:: Supplied material
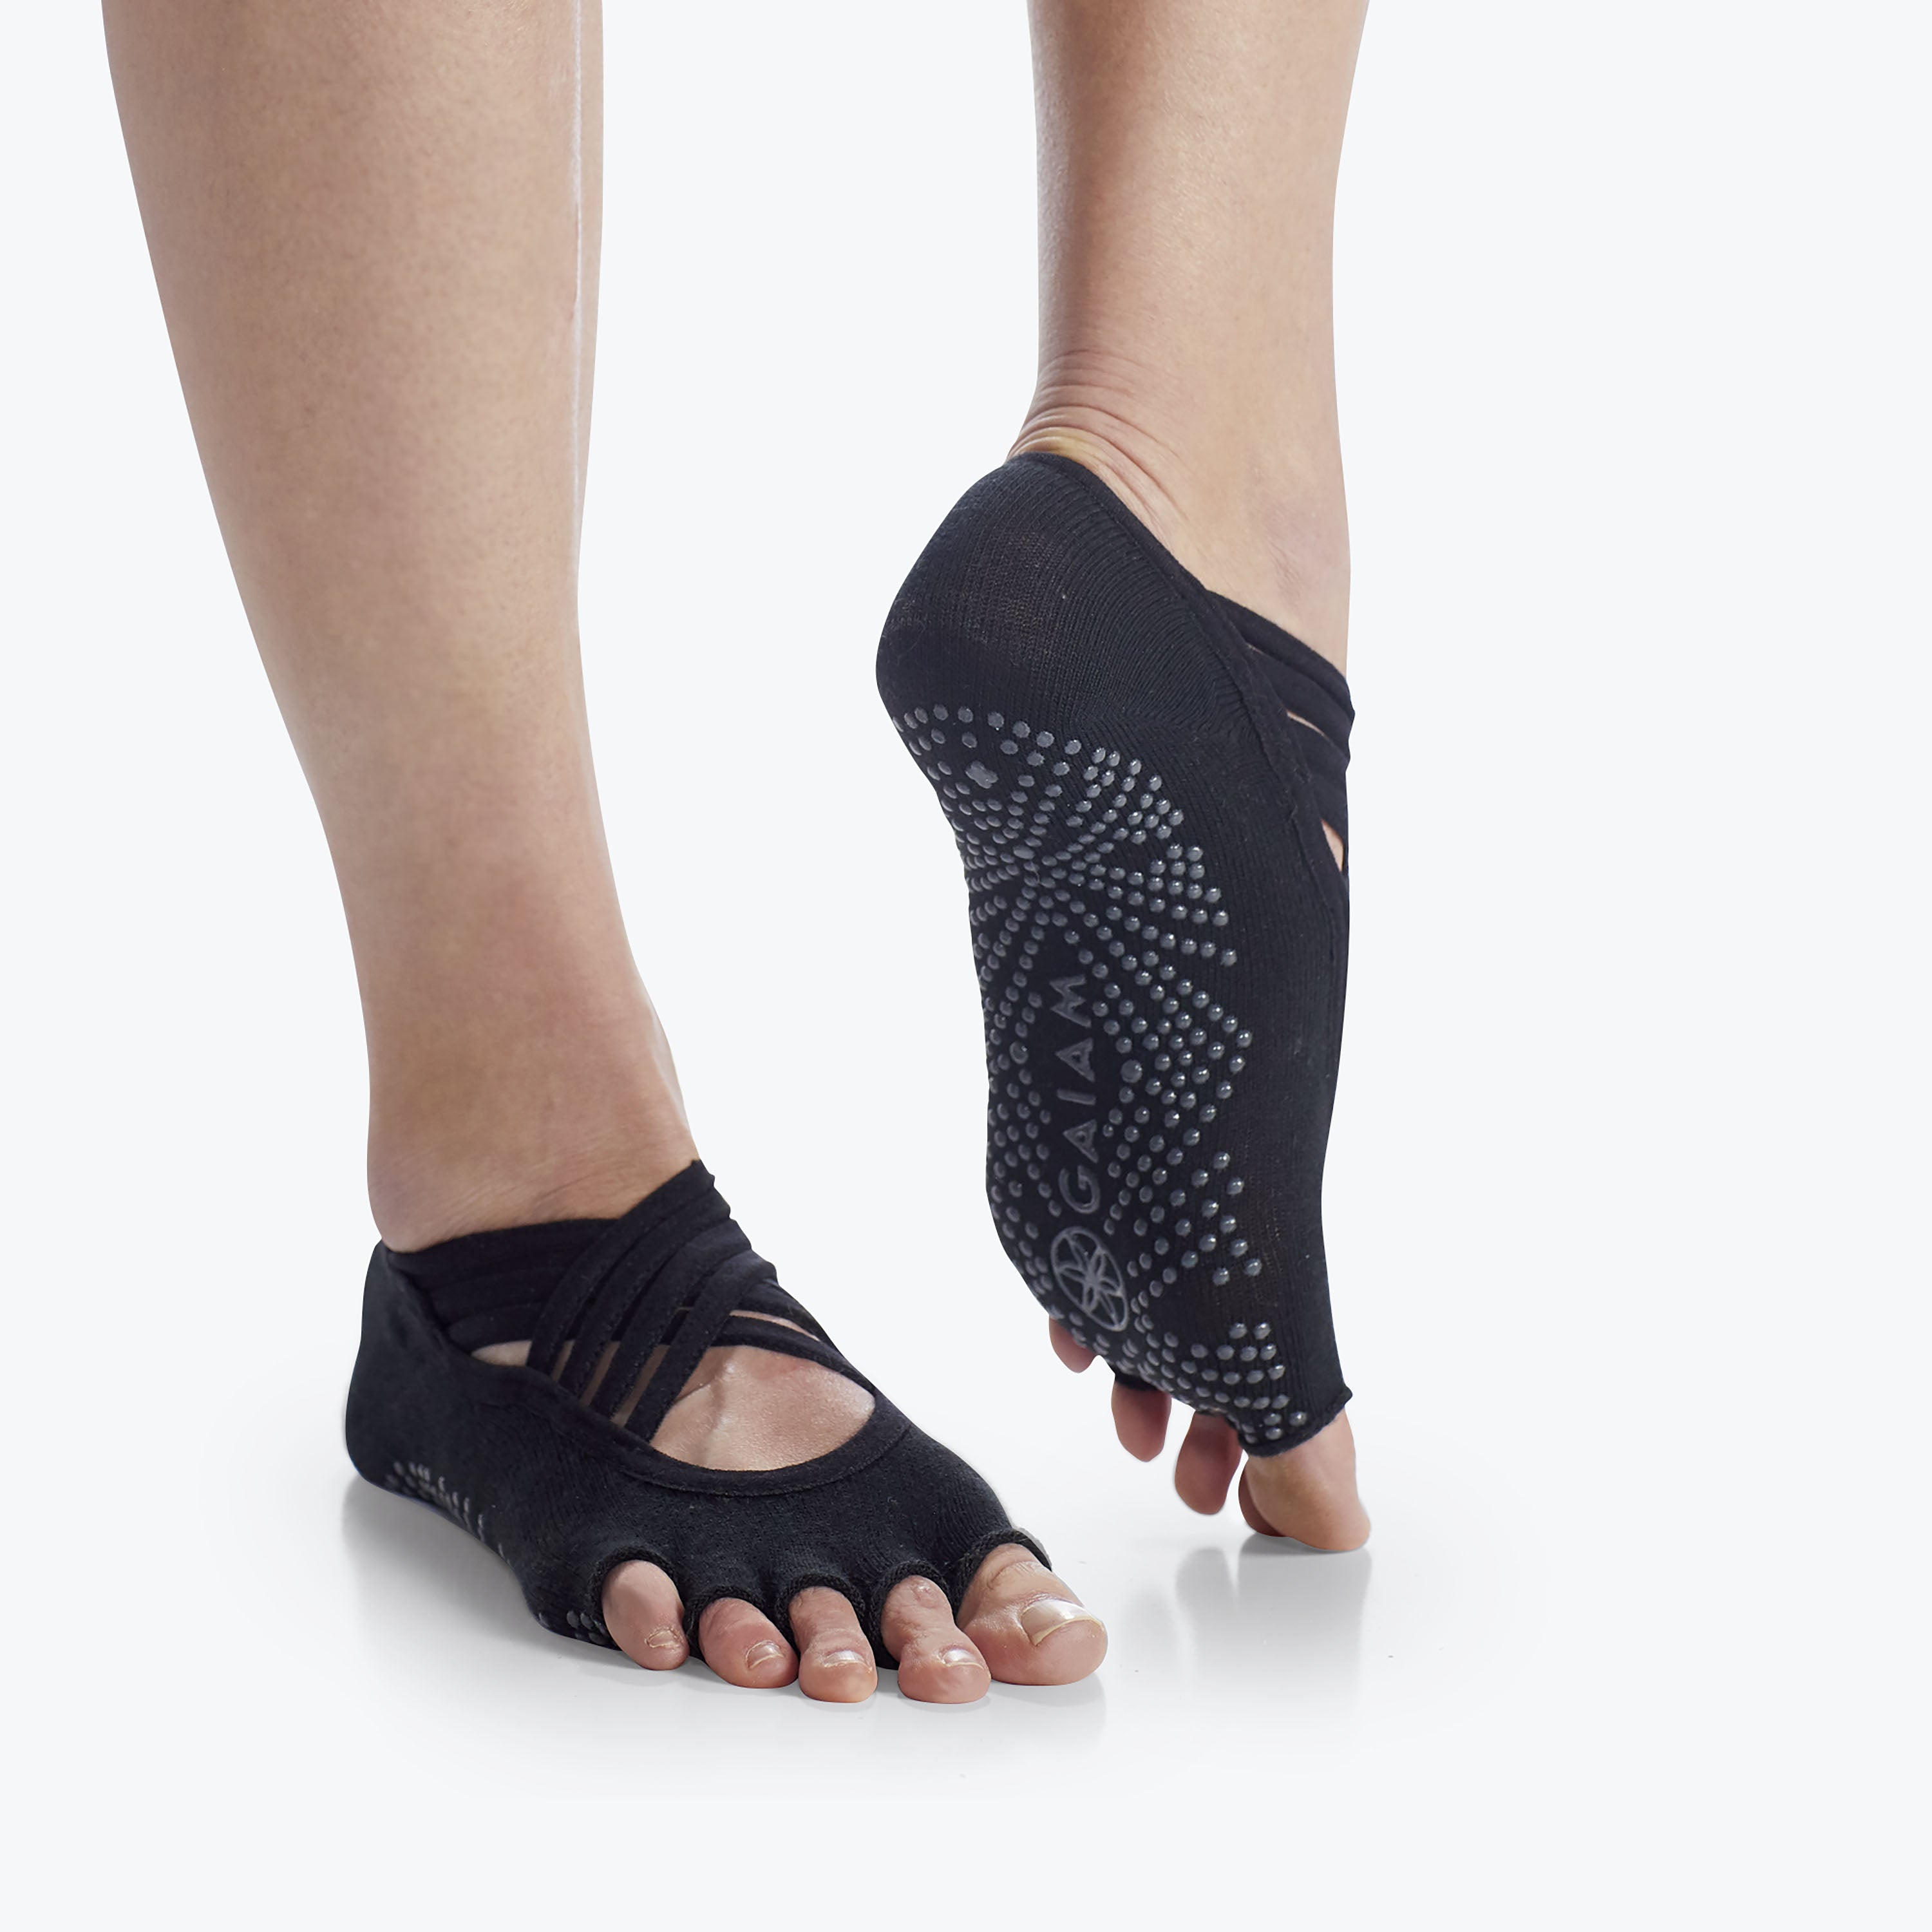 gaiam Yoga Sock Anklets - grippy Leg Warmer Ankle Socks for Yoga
::::
:: Supplied material
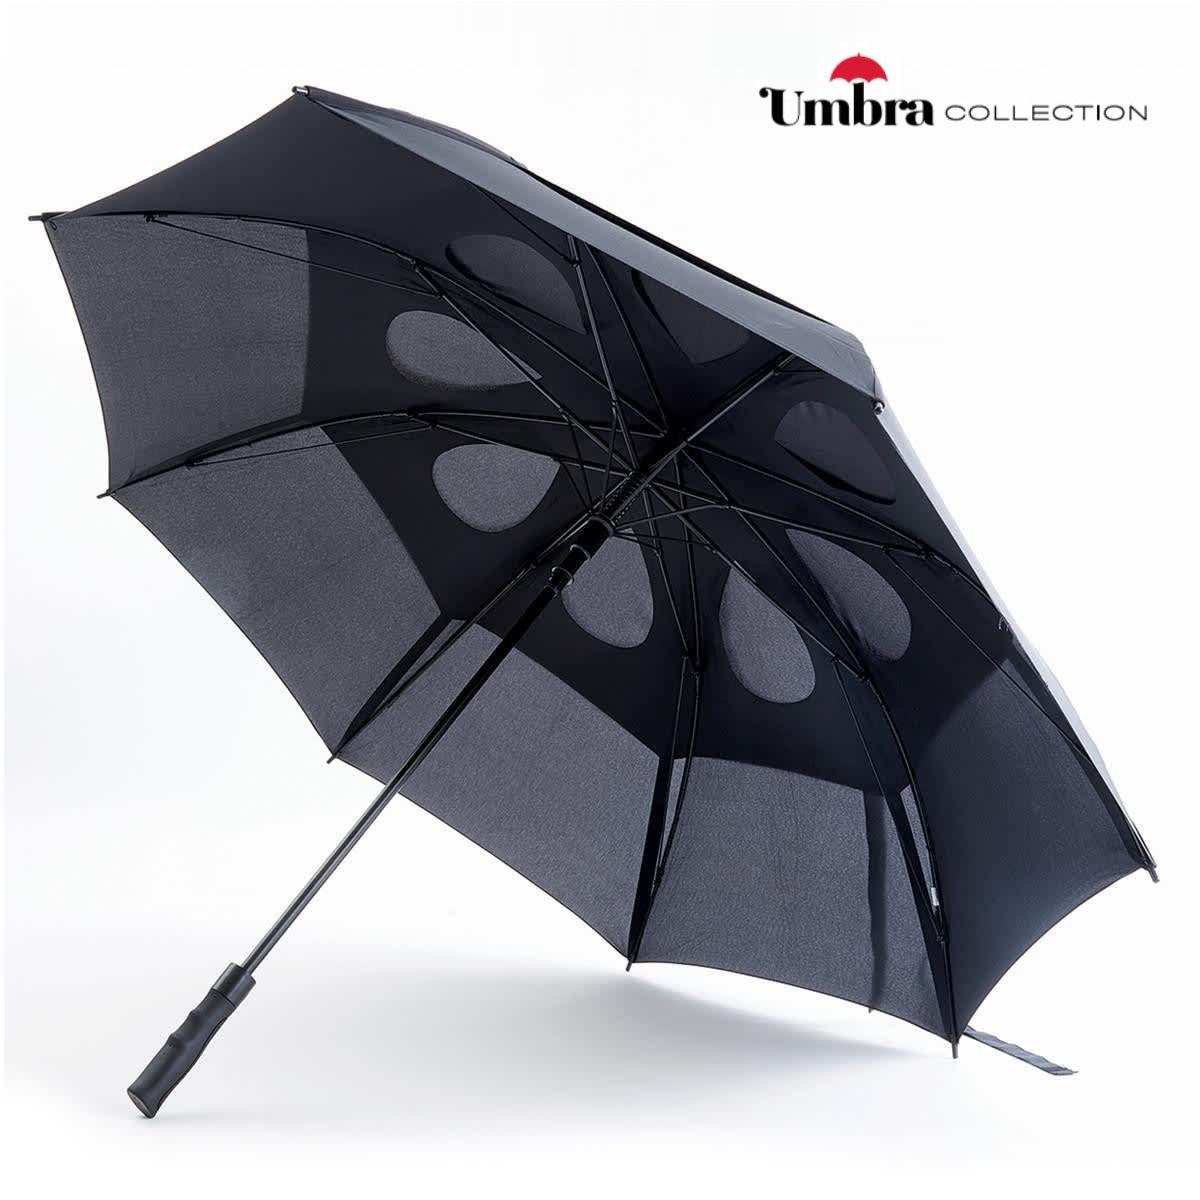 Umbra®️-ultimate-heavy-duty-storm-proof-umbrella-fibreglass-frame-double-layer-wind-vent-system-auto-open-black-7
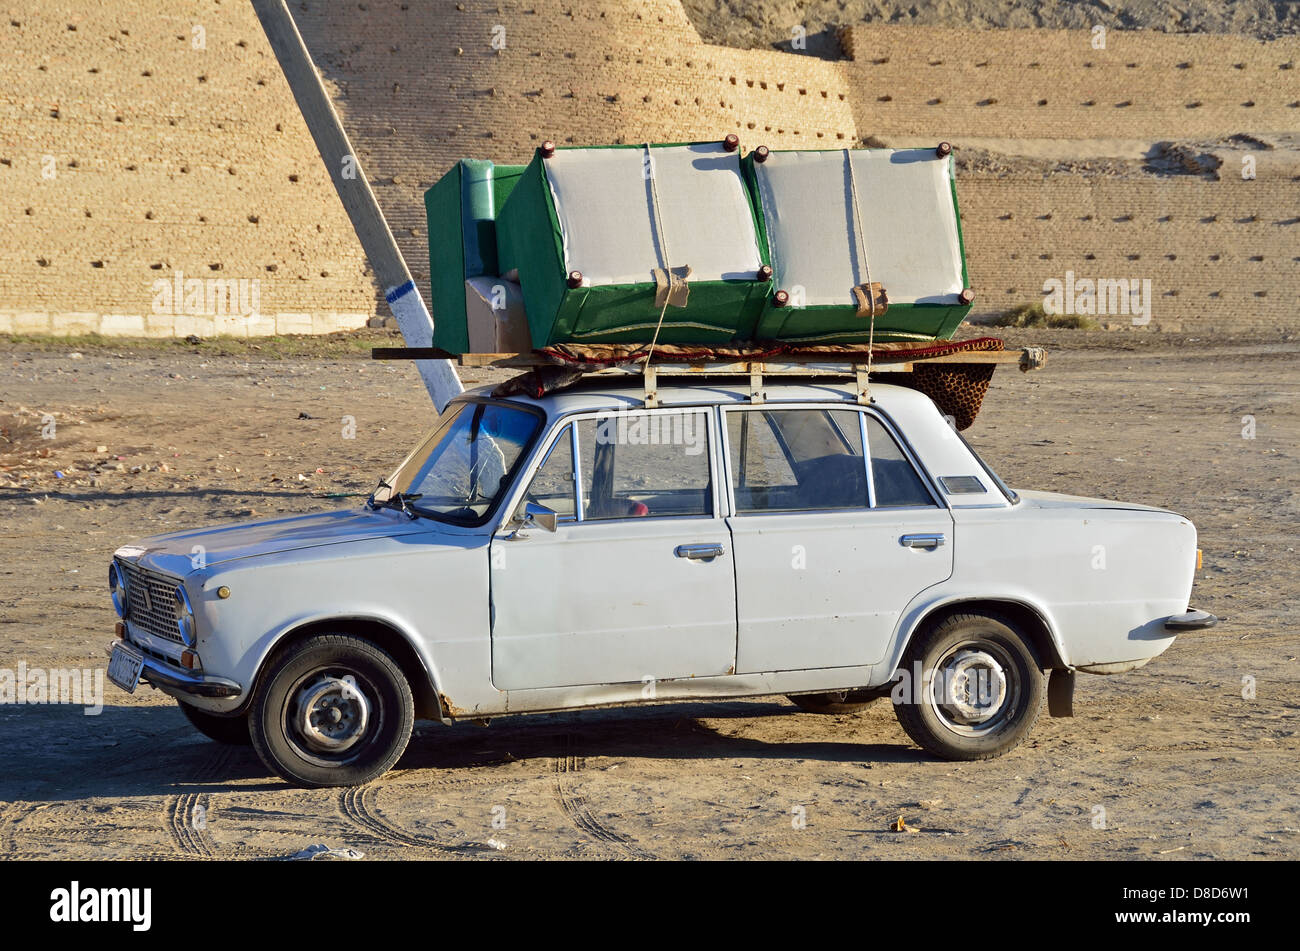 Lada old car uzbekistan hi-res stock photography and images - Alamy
::::
** Task to complete **
Please return the data above exactly as it stands from the line with "Umbra®️-ultima" to the line with "Lada old car", keeping both of those lines but none of the pictures.

** Exercise solution **
 Umbra®️-ultimate-heavy-duty-storm-proof-umbrella-fibreglass-frame-double-layer-wind-vent-system-auto-open-black-7
 Lada old car uzbekistan hi-res stock photography and images - Alamy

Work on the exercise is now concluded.